The neural network has to lip-read the speech of the BBC announcers

The neural network has to lip-read the speech of the BBC announcers

Developers from Oxford University and the laboratory of Google DeepMind has created a system of artificial intelligence that can recognize speech lips in the real world, and she does this better than a human. For its study, the researchers used fragments of television BBC. The text of the article can be found on the website ArXiv.

Automatic speech recognition system based on gestures can be used in a variety of ways: for example, to hearing AIDS of new generation, biometric identification or investigation of crimes. Therefore, scientists have been working on the development of programs for “reading” on the lips, but their success in this area is very limited. Just this month, researchers presented the first system in the world LipNet, which can understand speech at the level of entire sentences better person. However, even it had flaws. The main drawback LipNet was that for checking the operation of the database was used with a limited number of speakers, who said the proposals built on the same principle. Such conditions recognized “greenhouse” even the developers themselves.

Read makinodan lip-reading computer

The authors of the new work presented a system Watch, Listen, Attend and Spell (WLAS), which recognizes the speech of the real presenters of BBC programs.

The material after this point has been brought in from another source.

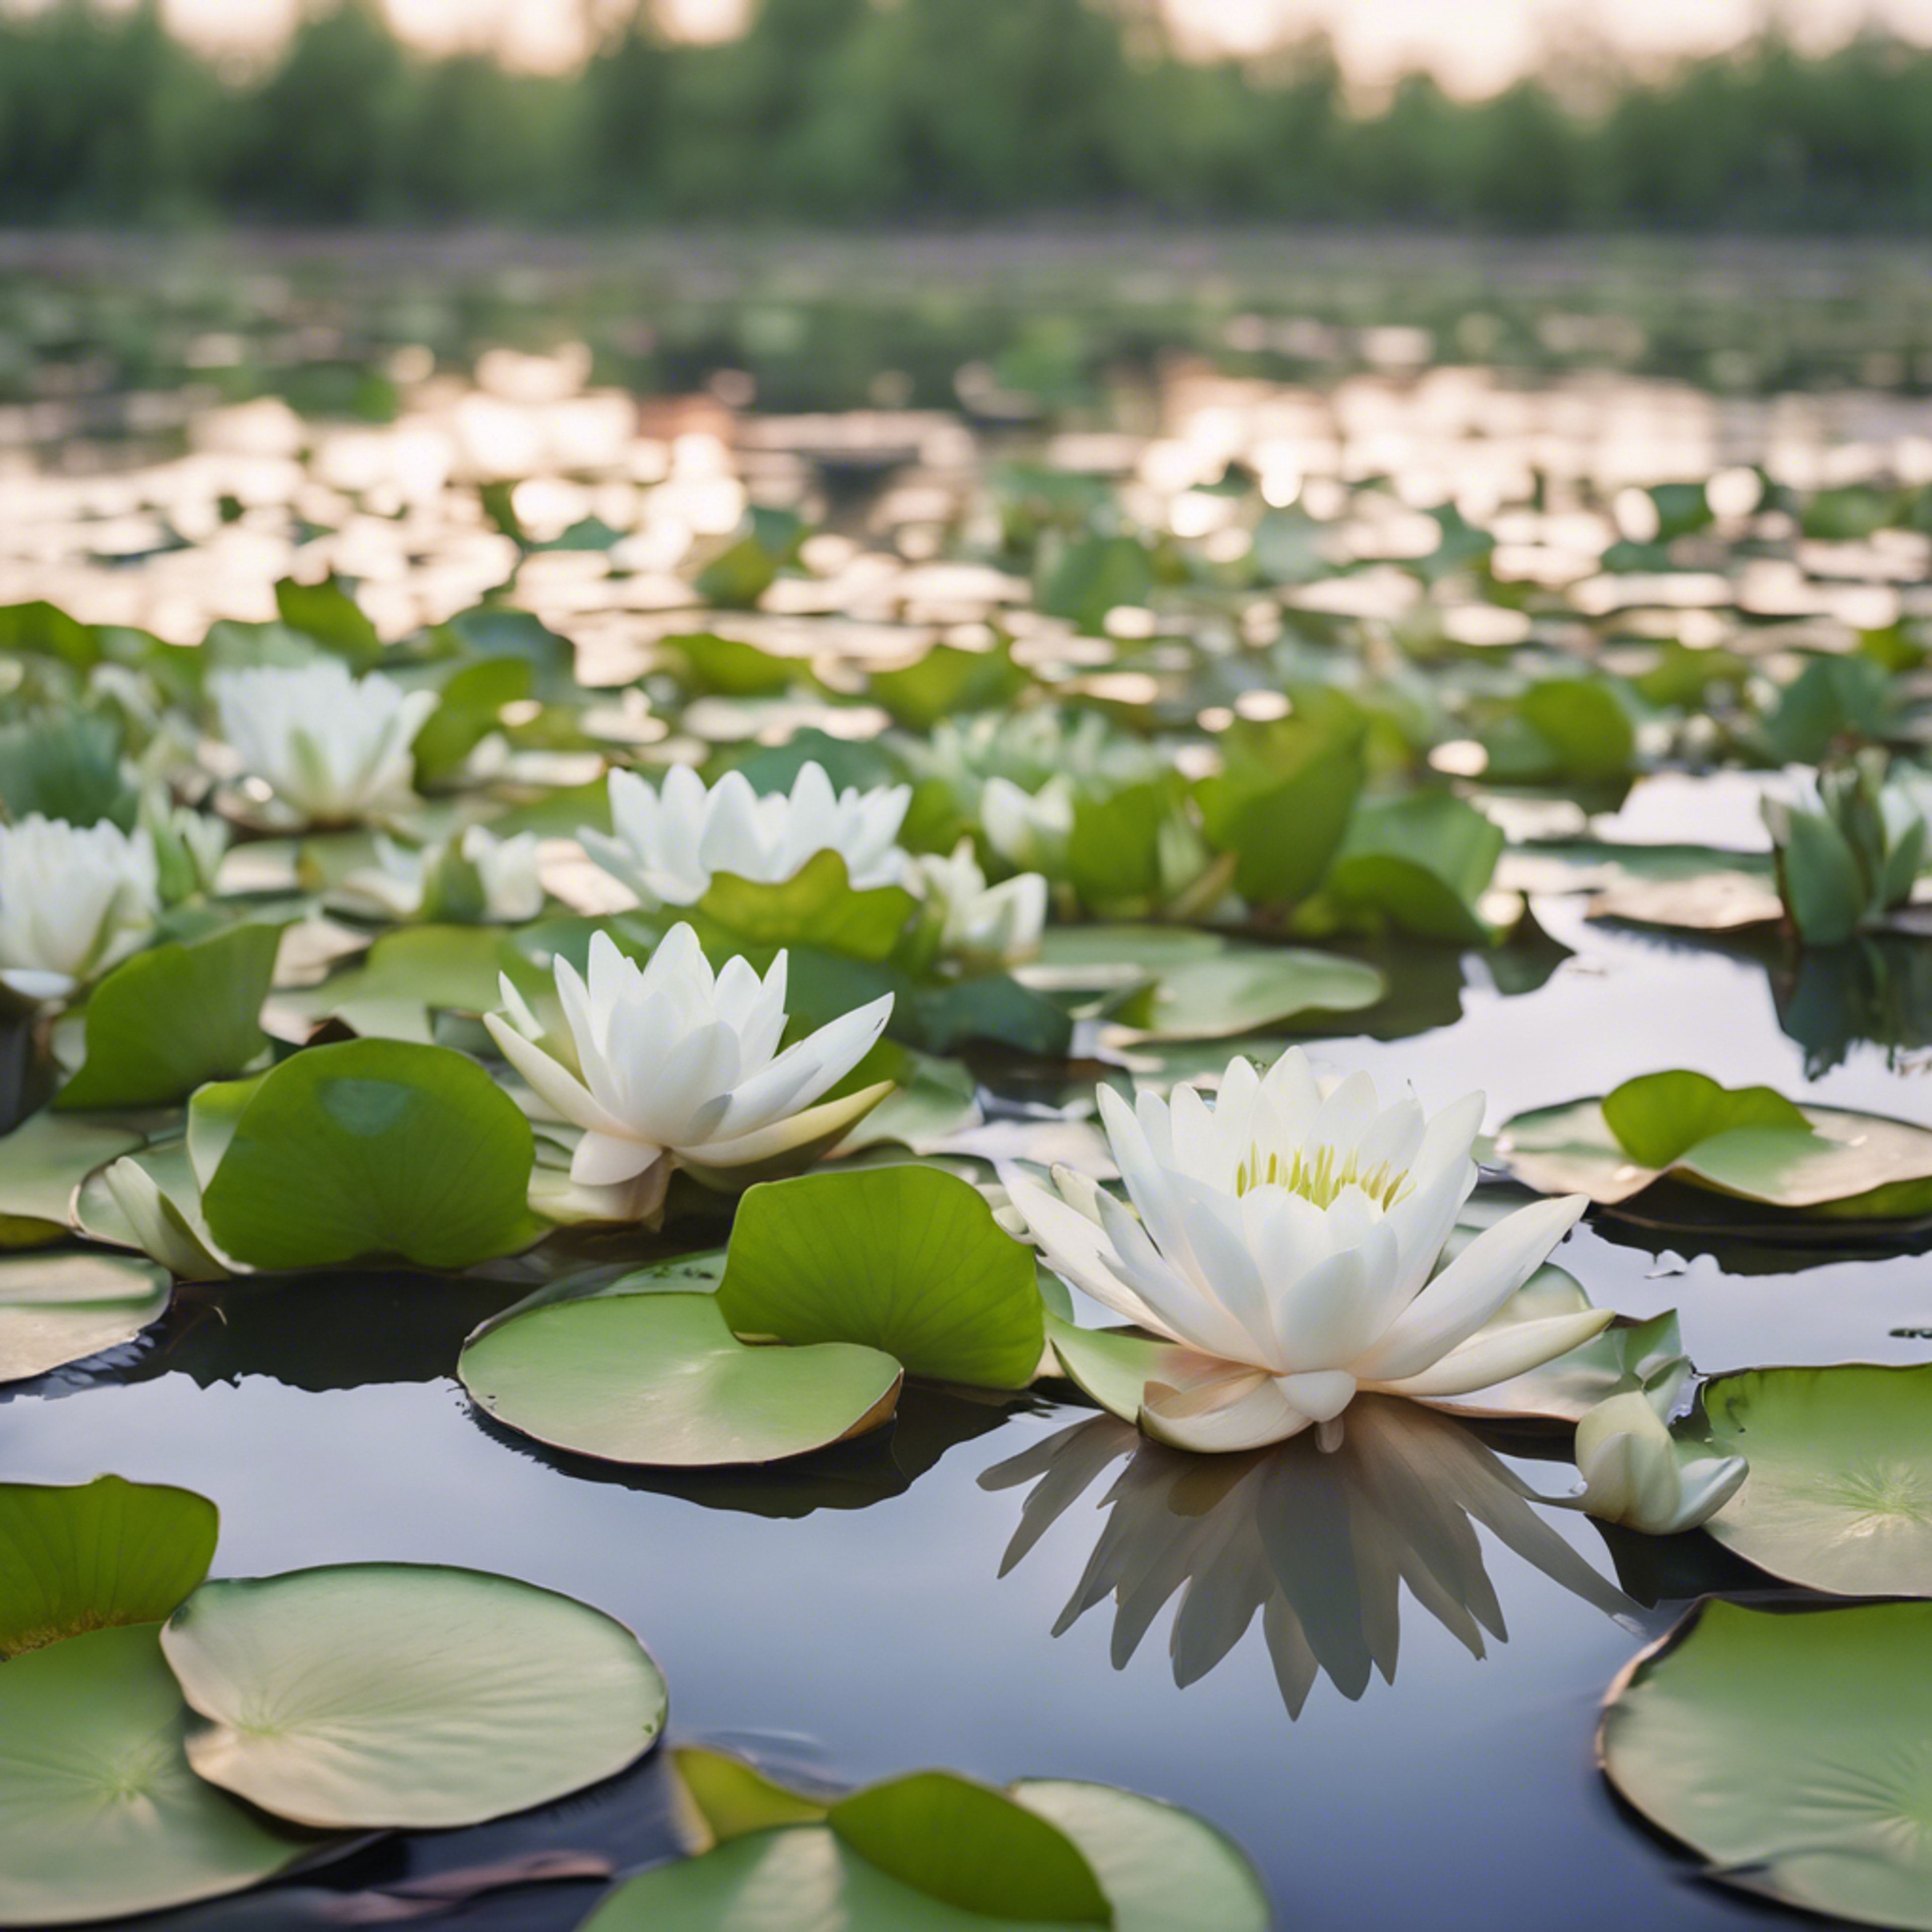 A tranquil lily pond with light green lily pads and budding flowers. Hình nền[e3bf8ad191934de7ab8c]

It is built on the same principle that LipNet: it is based on the combination of LSTM and the convolutional neural networks and machine learning methods. LSTM-neural networks are a type of recurrent neural networks, which are characterized by the presence of feedback.

Their main feature is that they are able to learn long-term dependencies and, consequently, to work with context in the long sentences (more about and LSTM recurrent neural networks you can read in our material). Convolutional neural networks, in turn, do well on the problem of image recognition and are suitable for frame-by-frame video analysis.

The system of WLAS trained by using a database consisting of 5 thousands of hours of recordings of TV programs BBC. In total it contained 118 thousand sentences that have been uttered by different people. First, artificial intelligence has learned to recognize a “lip” the words matching the lip movements of the speaker with subtitles, and then passed to the level of collocations and individual sentences. In addition, the WLAS were further trained to recognize the speech in the audio tracks.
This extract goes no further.